LE_746F6D617A7A69 wrote:@pylkko: it looks like You're a BTRFS fanboy - that's OK, but I'm not going to play that game. The tests on Phoronix, although incomplete, are showing what's the problem ...
I'm a fanboi of "the larger the claims, the better the evidence needs to be". When you hear that people say stuff like "using this tech is a total stupidity", or "it is deadly slow" you start to wonder how on earth they determined this one tech to be so totally unusable.
About those tests on Phoronix... we could also look the rest of them. Like the latest one where btrfs outperforms ext4 in many things, one of which, by the way, was SQlite databases.
https://www.phoronix.com/scan.php?page= ... tems&num=1
This makes it even more interesting that your databases are performing poorly. There are probably some additional factors at play...
LE_746F6D617A7A69 wrote:
Throughput has nothing to do with the latency, unless the I/O bandwidth limits are reached ...

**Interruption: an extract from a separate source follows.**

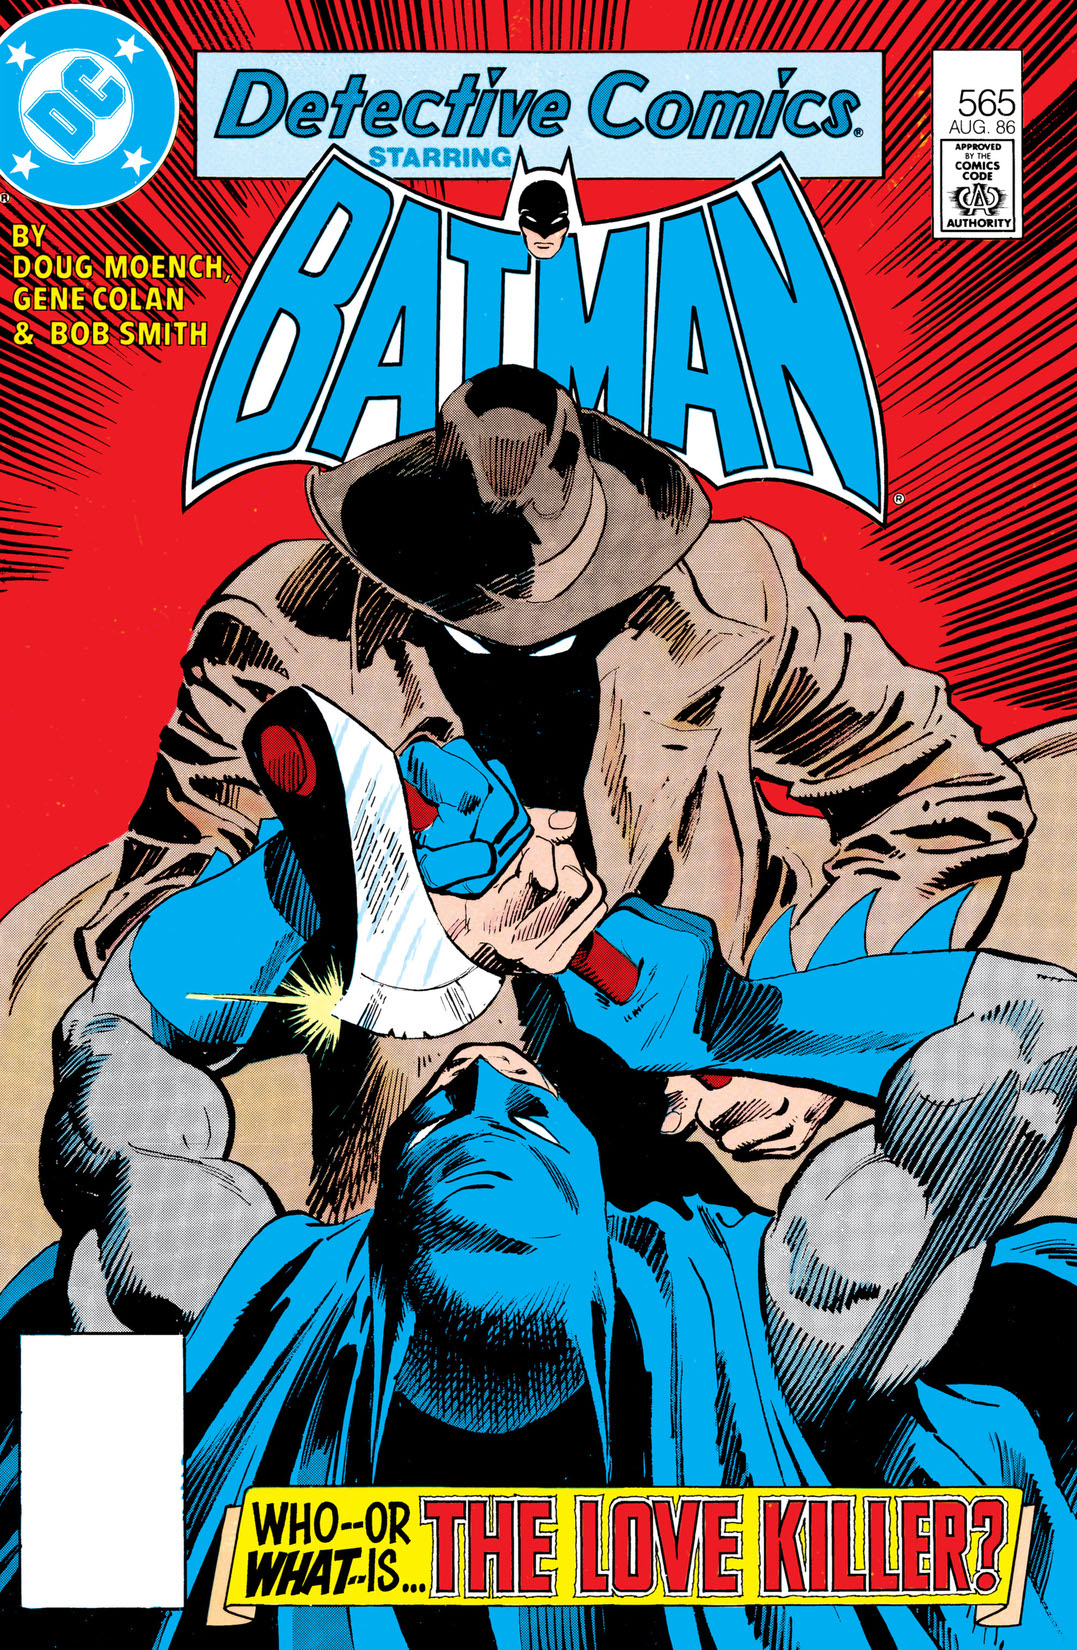 Detective Comics (1937-) #565 preview images

Then why did you start to talk about theoretical throughput in MB/s when the guy asked about the latency?
As throughput and latency are often correlated (on the implementation level, like comparing different storage technologies), it seems quite an over statement to say "they have nothing to do with each other". But they can "decouple" in some situation. One such situation probably is the use of transparent compression. Apparently a btrfs partition using transparent compression can move a large file (if it compresses well) much faster than a partition without (for example ext4) with the processors of today. But, this will come with a latency cost, since the device needs to move a block and let the CPU compress it before even the first bit can be transferred. If you are doing latency sensitive work, these kinds of issues you would think about, no?